- _Directions_
Word for word, print out all of the data, omitting every image.

- _Given information_
■ ■ ■

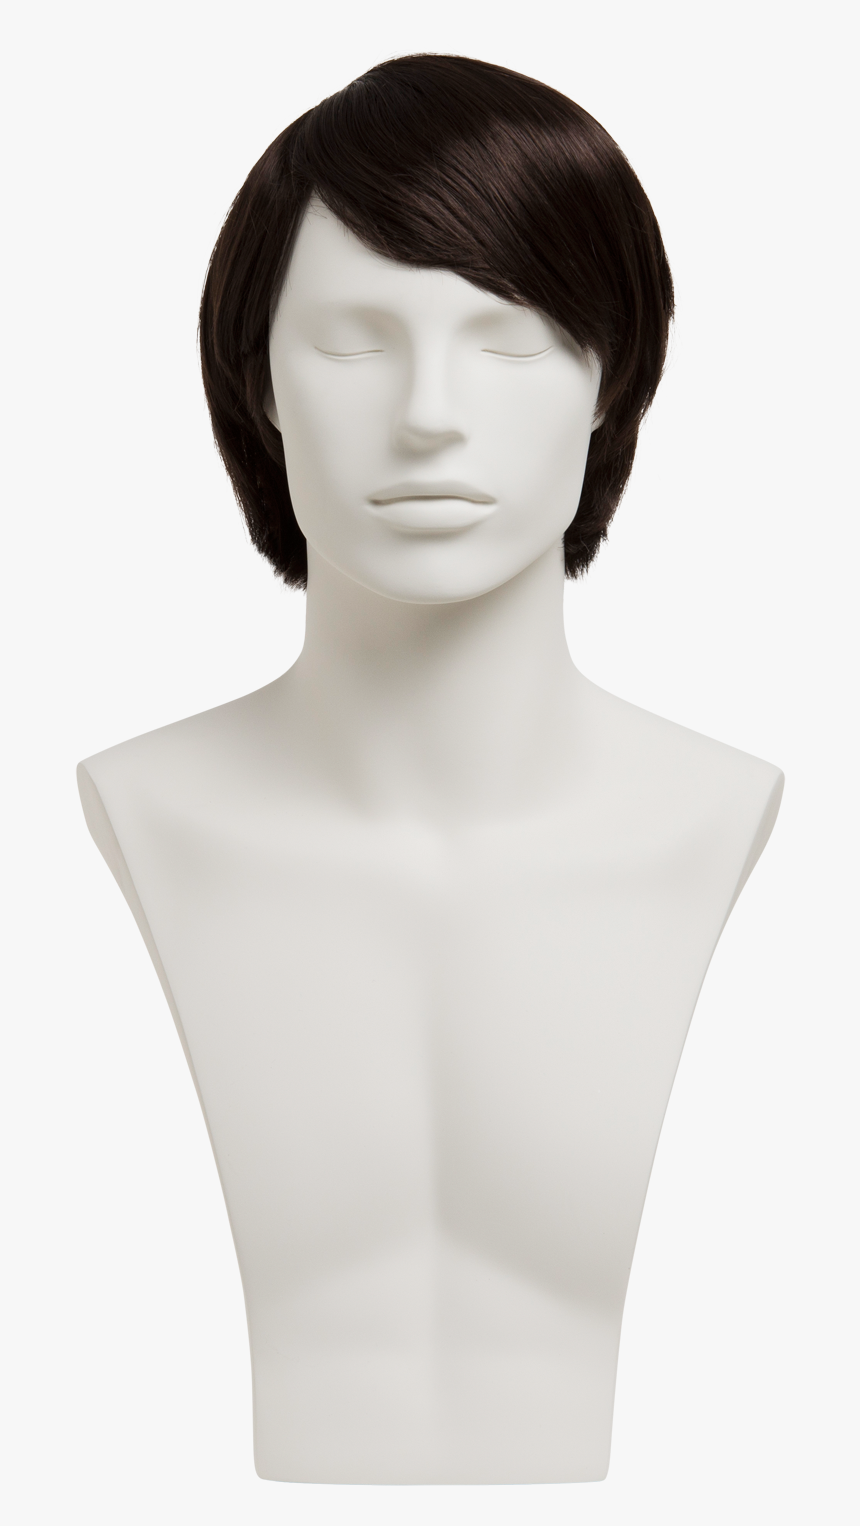 Male Wig Png, Transparent Png, Free Download
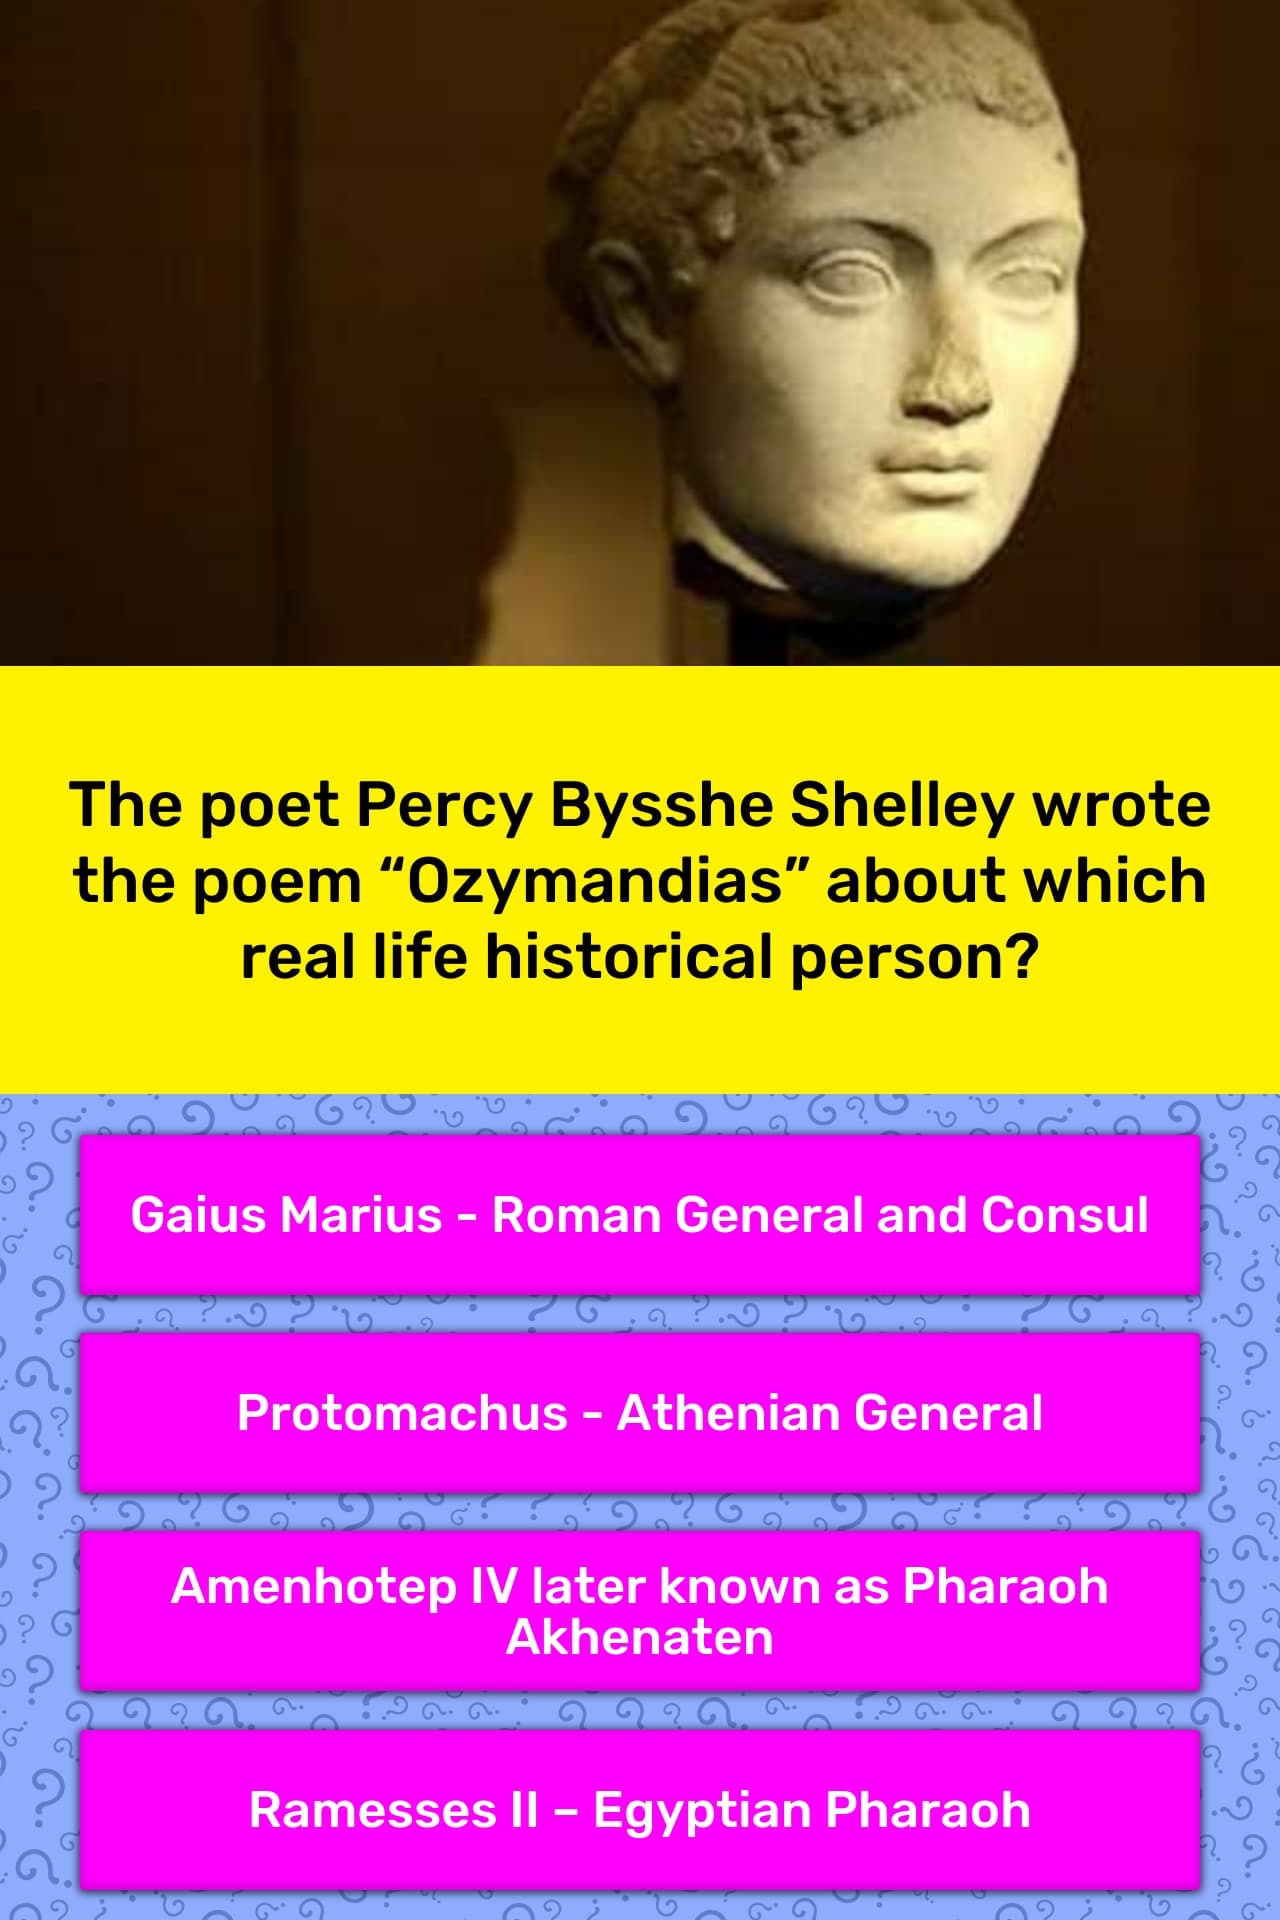 ozymandias by percy bysshe shelley meaning
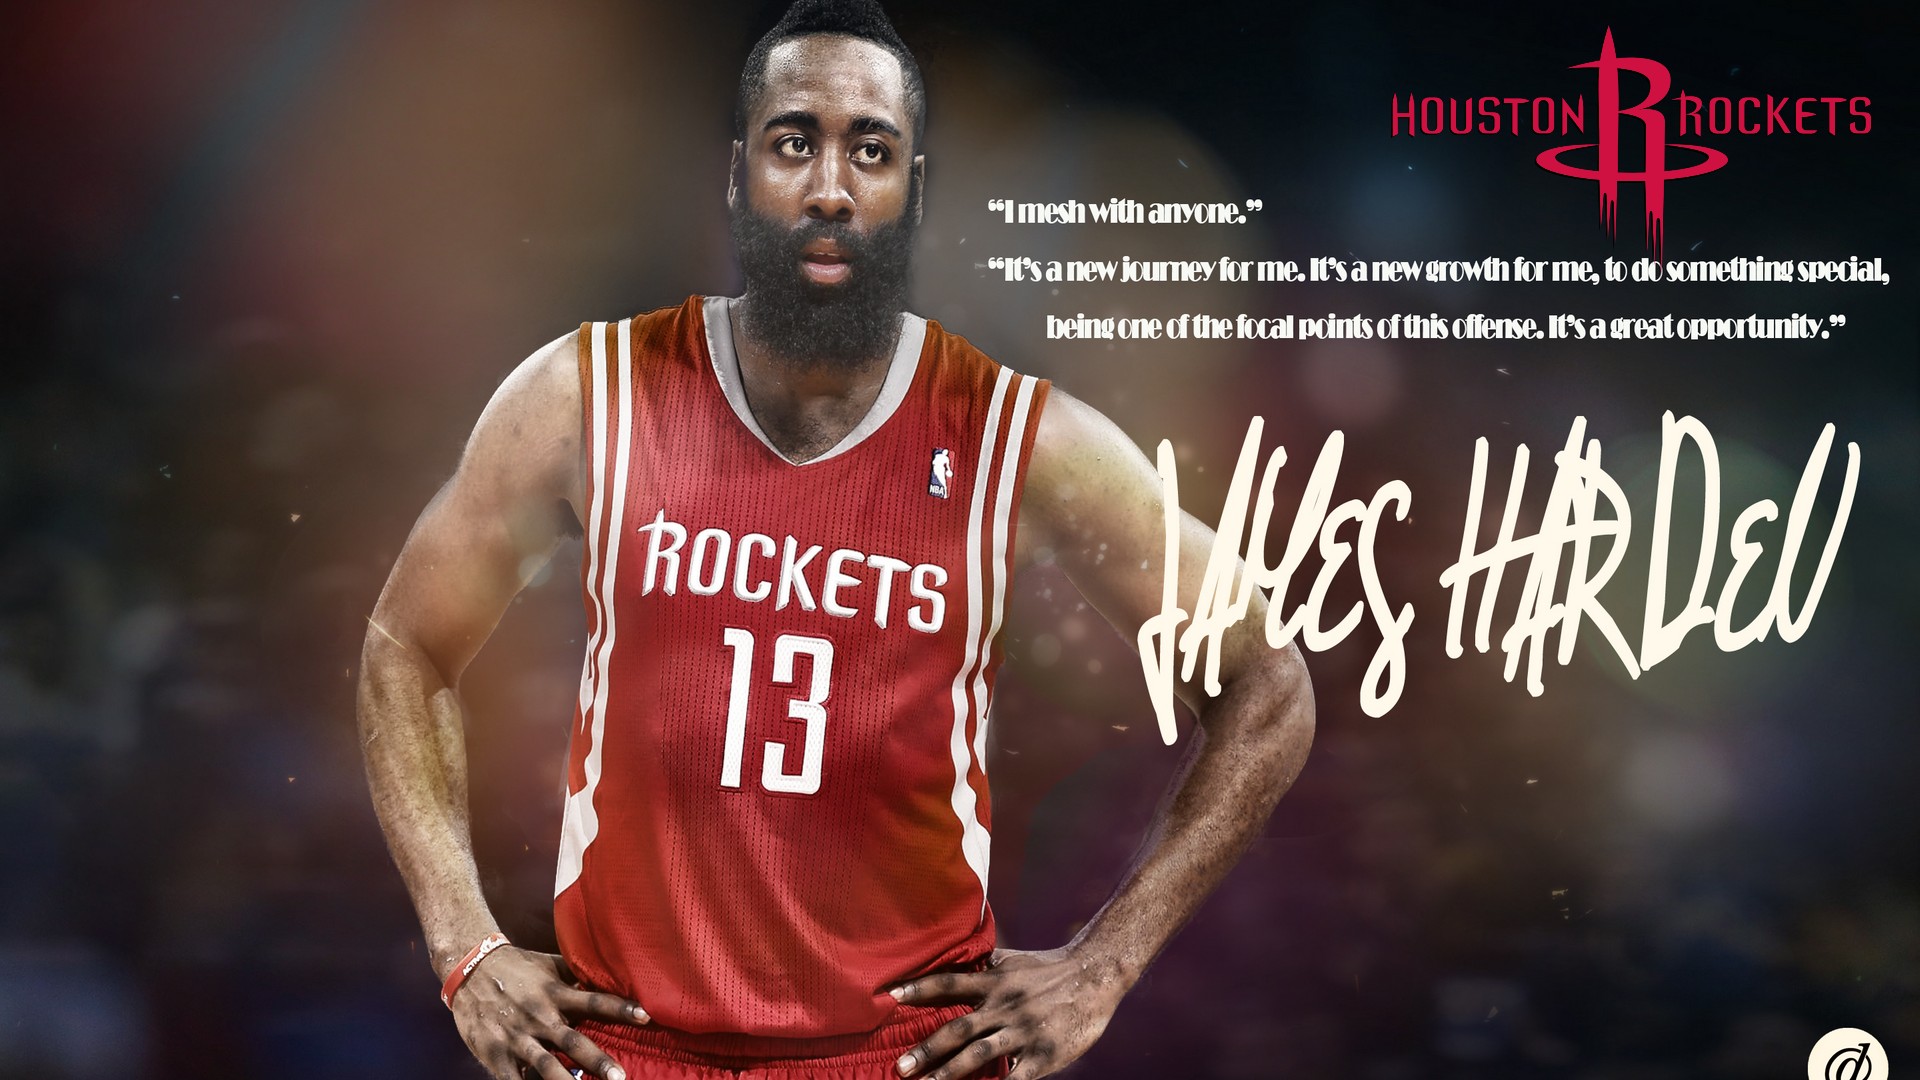 Wallpaper Desktop James Harden HD with image dimensions 1920x1080 pixel. You can make this wallpaper for your Desktop Computer Backgrounds, Windows or Mac Screensavers, iPhone Lock screen, Tablet or Android and another Mobile Phone device

■ ■ ■

- _Answer_
 Male Wig Png, Transparent Png, Free Download
 ozymandias by percy bysshe shelley meaning
 Wallpaper Desktop James Harden HD with image dimensions 1920x1080 pixel. You can make this wallpaper for your Desktop Computer Backgrounds, Windows or Mac Screensavers, iPhone Lock screen, Tablet or Android and another Mobile Phone device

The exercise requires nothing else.